VideoHelp Forum




+ Reply to Thread
Results 1 to 3 of 3
  1. I've noticed whenever I capture video and, say, without porting it via FCX, and dropping straight into DVDSP for example, interlacing lines appear during moments of fast motion on the video. For the video to properly playback smooth, it must first be passed to an editing program that will apply the appropriate "field order" to the video to avoid this interlacing.

    I've just extracted a movie from a Panasonic DVD Recorder recording using DVDxDV and it looks good. I dropped it into Compressor for processing with the aim of entry to DVDSP. But playback of the m2v reveals the interlacing lines during fast motion.

    Is there a way of avoiding interlacing lines without first porting into editing programs?

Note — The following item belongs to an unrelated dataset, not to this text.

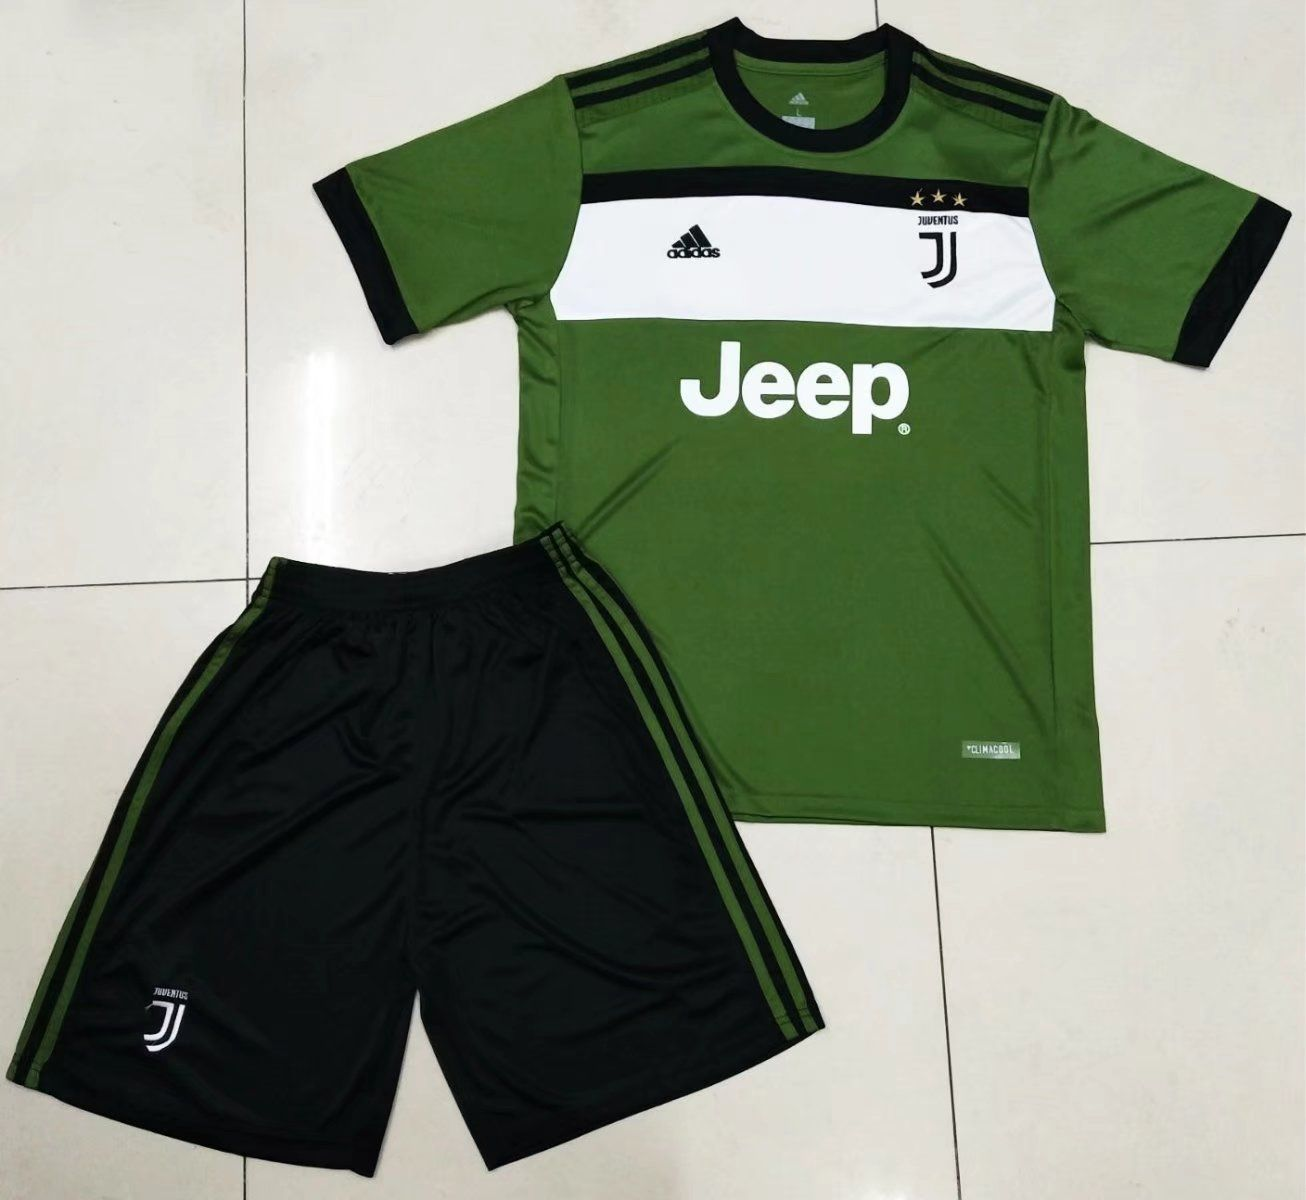 0b904ffae 2017 18 Adult Juventus Third Away Soccer Jersey Uniform Green Black ...

Often the vids can be very long running time and hence deep encoding.

    I attempted to take the m2v into DiVA but the small chunk that was encoded degraded the video. Not good. I LIKE the concept of a program like DiVA that is designed with a deinterlace specialty.

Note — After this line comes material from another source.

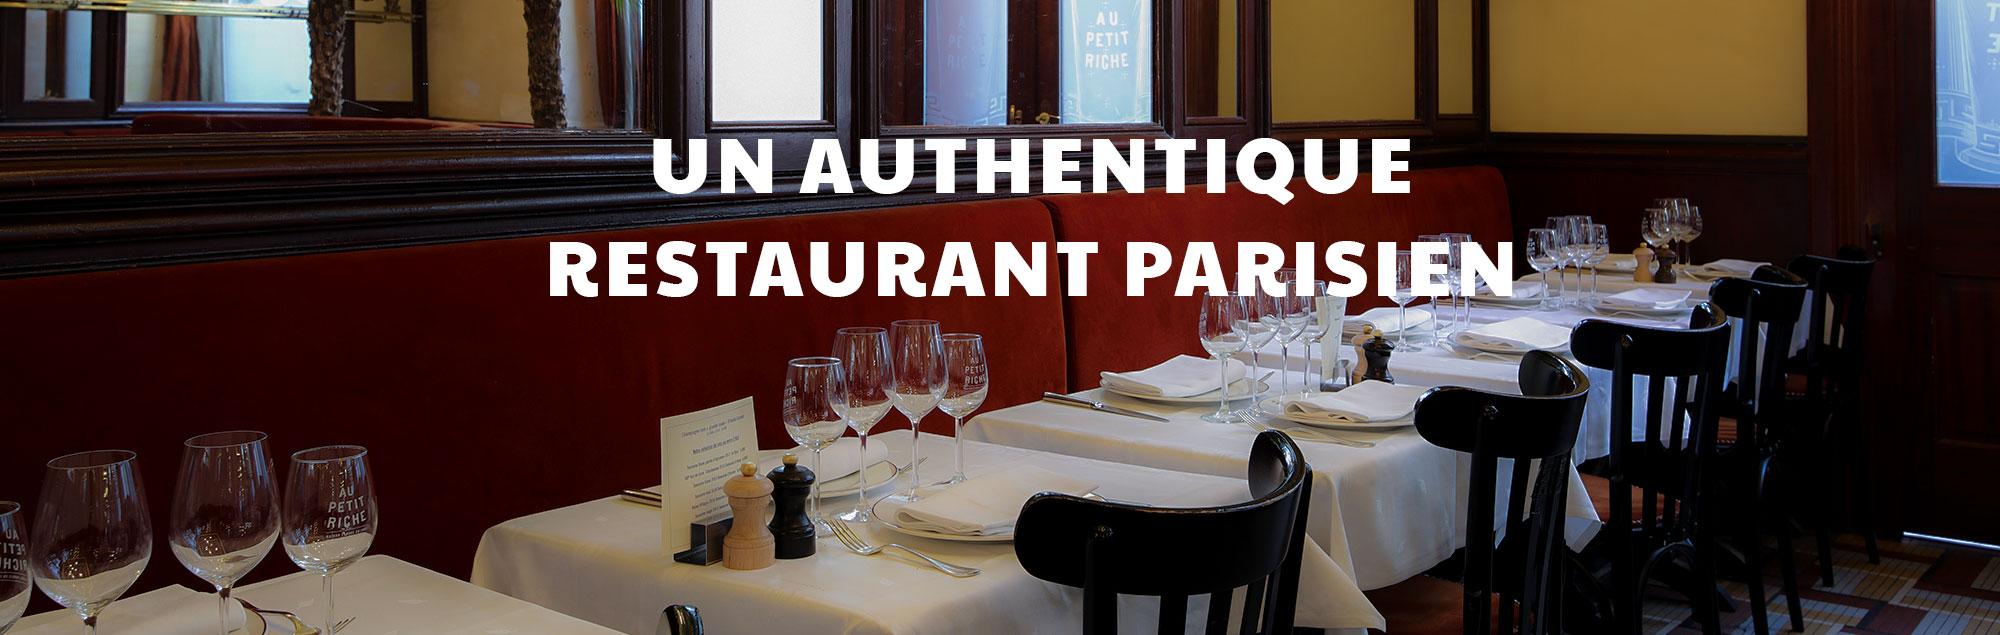 Lorsque l'on franchit le seuil de cette belle maison parisienne située à deux pas<br />des Grands Boulevards et de l'Opéra, un souffle d'histoire se mêle aux effluves<br />d'une agréable cuisine bourgeoise.

    Right now I'm experimenting with Quicktime Pro taking the extraction and using the MPEG2 Exporter in a two-pass export with Field Order not set to Auto but Top field. Looks like a 6 hour encode. Will this do what I want?

    Thanks.
    Quote Quote  
  2. Looking at the Presets inside Compressor, I understand I can control the Field Order to be Automatic, Top or Bottom. I also see where I can choose Deinterlacing (odd/even).

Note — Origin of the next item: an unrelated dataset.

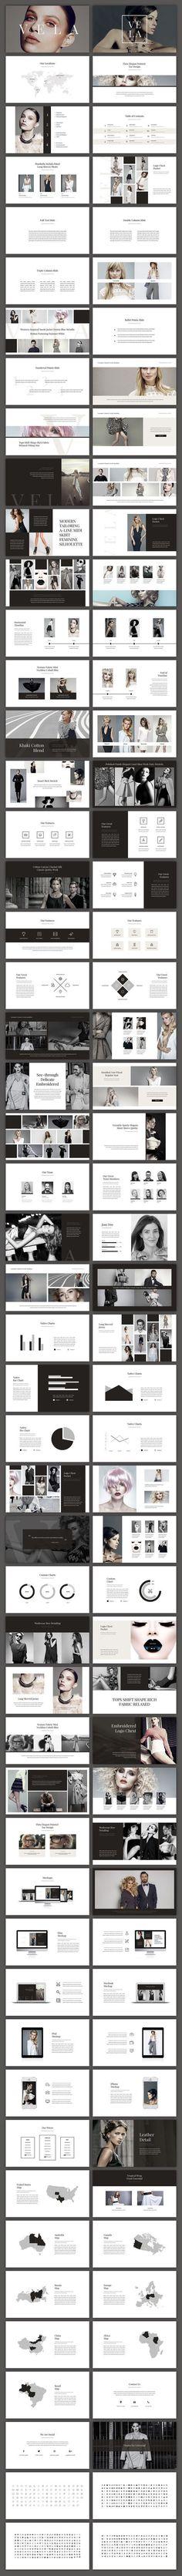 Vela PowerPoint Template by SlideStation on @creativemarket

    To avoid the problem that I'm describing in this thread, I want to SET the Field Order to be TOP, correct? This setting will avoid the creation OF interlacing lines that I see. It's LATER that when we see the interlacing lines that I would want the encoding to DEinterlace (remove) the lines.
    Quote Quote  
  3. Member
    Join Date
    Jun 2001
    Location
    Silver Spring, MD USA
    Search Comp PM
    I havent used Compressor much but when I did it seems to be bent on interlacing NTSC content. It assumes your final presentation of the content is television, which handles interlaced material.

    As for DiVA, when I use it as an intermediate step, I set it for best quality so that it will just use all the bitrate it wants to maintain the quality. Although it uses a lot of disc space this way, its still significantly smaller than a conversion to DV. I use the 3ivx codec ... Its awesome.